The British Film Institute, in cahoots with the Central Office of Information (yes, such a coolly, cosily Orwellian institution exists too), has just released an anniversary collection of public information films which are showing in cinemas around the country. Since 1946, the COI has made short films to warn us about perils large and small, as well as a few things which don’t even fit into that huge remit. There is, for example, a 12-minute piece about how annoying it is to be a secretary in the 1950s and how, if you’re dictating a letter to Miss Jones, it really helps if you speak slowly and clearly. Mostly, though, the films are about keeping healthy, happy and safe. The older films from the 1940s are slow, ponderous, ten minute affairs. There is gorgeous lighting, pace, drama, characterisation. They are dull but effective, like an Allen Carr book. There’s a bit of flair about them: a word straight to camera from a lead character, ‘Third-Man’-style zither music, heavy noirish shadows, slo-mo chase scenes, background music that stops when a character flicks off the radio. There are even end credits, and there are moments of existential confusion: “You may think accidents only happen to other people but remember, to someone else, you’re another person.
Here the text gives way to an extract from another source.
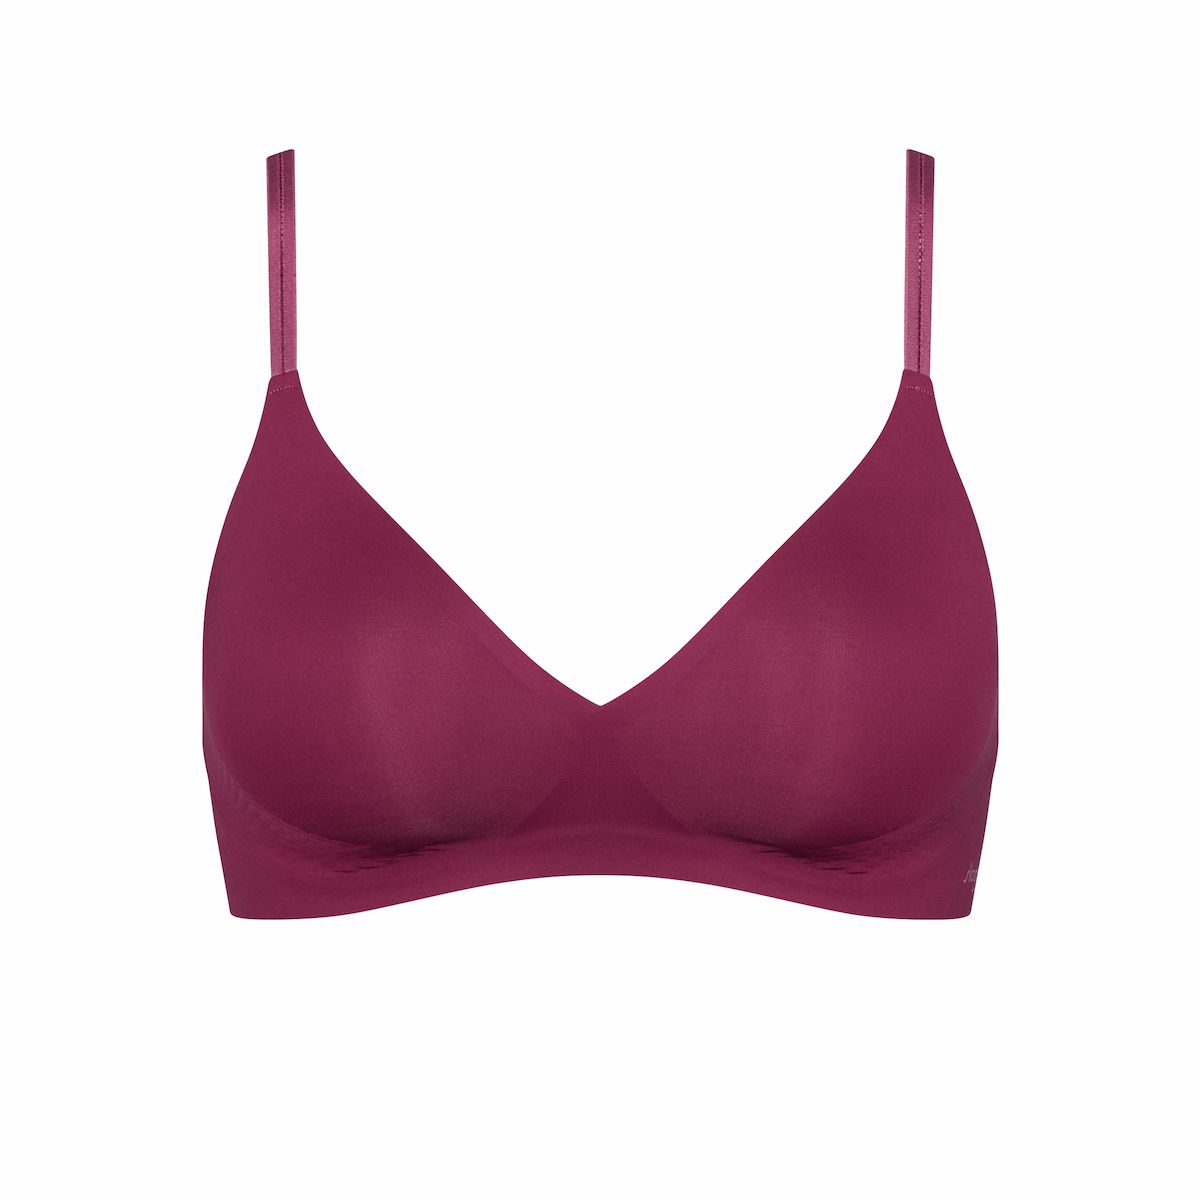 sloggi, Let ROMANCE grow as we usher into the Lunar New Year~ Ready to  pick up a few bras in your lucky colour? This best-of-both-worlds sloggi bra  brings

But wait a minute, that’s absurd, you’re you!” It’s a pleasingly random selection of dangers, from food poisoning to syphilis, dealt with gently, with grace and kindness, and a few hilariously English warnings: “It may be a bore to walk to a pedestrian crossing, your feet may ache, but it’s better than not having any feet.” The whole effect is calming – odd, really, as in a way it’s very alarming viewing (Most alarming is the danger of food poisoning, which seems impossible to avoid, what with unhygienic butchers, mice-ridden cafes, housewives who rummage about in the bin while making tea, and pub landladies with filthy glasses).

It all goes a bit celebrity in the ‘70s. Teach your children to swim (with encouragement from a young Rolf Harris, wearing a little pair of trunks in 1973); don’t pull on the tablecloth (“Charley says, ‘The hot water from the teapot hurts him very much’.”); wear a seatbelt (“Clunk click, every trip,” as Jimmy Saville warned, using a gruesome loose-egg-in-a-box visual to further persuade us). I especially like Alvin Stardust warning a little girl who crosses the road recklessly: “Hey, you must be out of your tiny mind.” That’s told her.
There’s more, though, beyond the nostalgia and the laughing at the quaint English people. Watching the films in chronological order, the casual distaste for women (complete with mother-in-law jokes) gives way to raised consciousness. A 1969 film explains why young women need to invest in their careers now so that they can have more satisfying lives and greater options once the kids leave home. The one that has no place in this smooth canon of public health and reassurance is the 1975 Protect and Survive film. Without ever mentioning ‘nuclear’, it explains calmly, with diagrams rather than actors, what to do with dead bodies “after an attack is over”. Of course there is no mention of what to do to avoid the danger in the first place – how could there be? – and there’s a blackly surreal, yawning gap between the film’s ostensible target – to make practical suggestions – and it’s real one – to make citizens feel that there might be some point in taking any notice of them. The only reassurance here comes with the knowledge that this campaign sparked Protest and Survive, bolstered CND and inspired Raymond Briggs’ ‘When the Wind Blows’. And at least our government no longer pretends that, if we are annilhilated by nuclear enemies, hiding under the kitchen table and putting the corpses in the garden will help.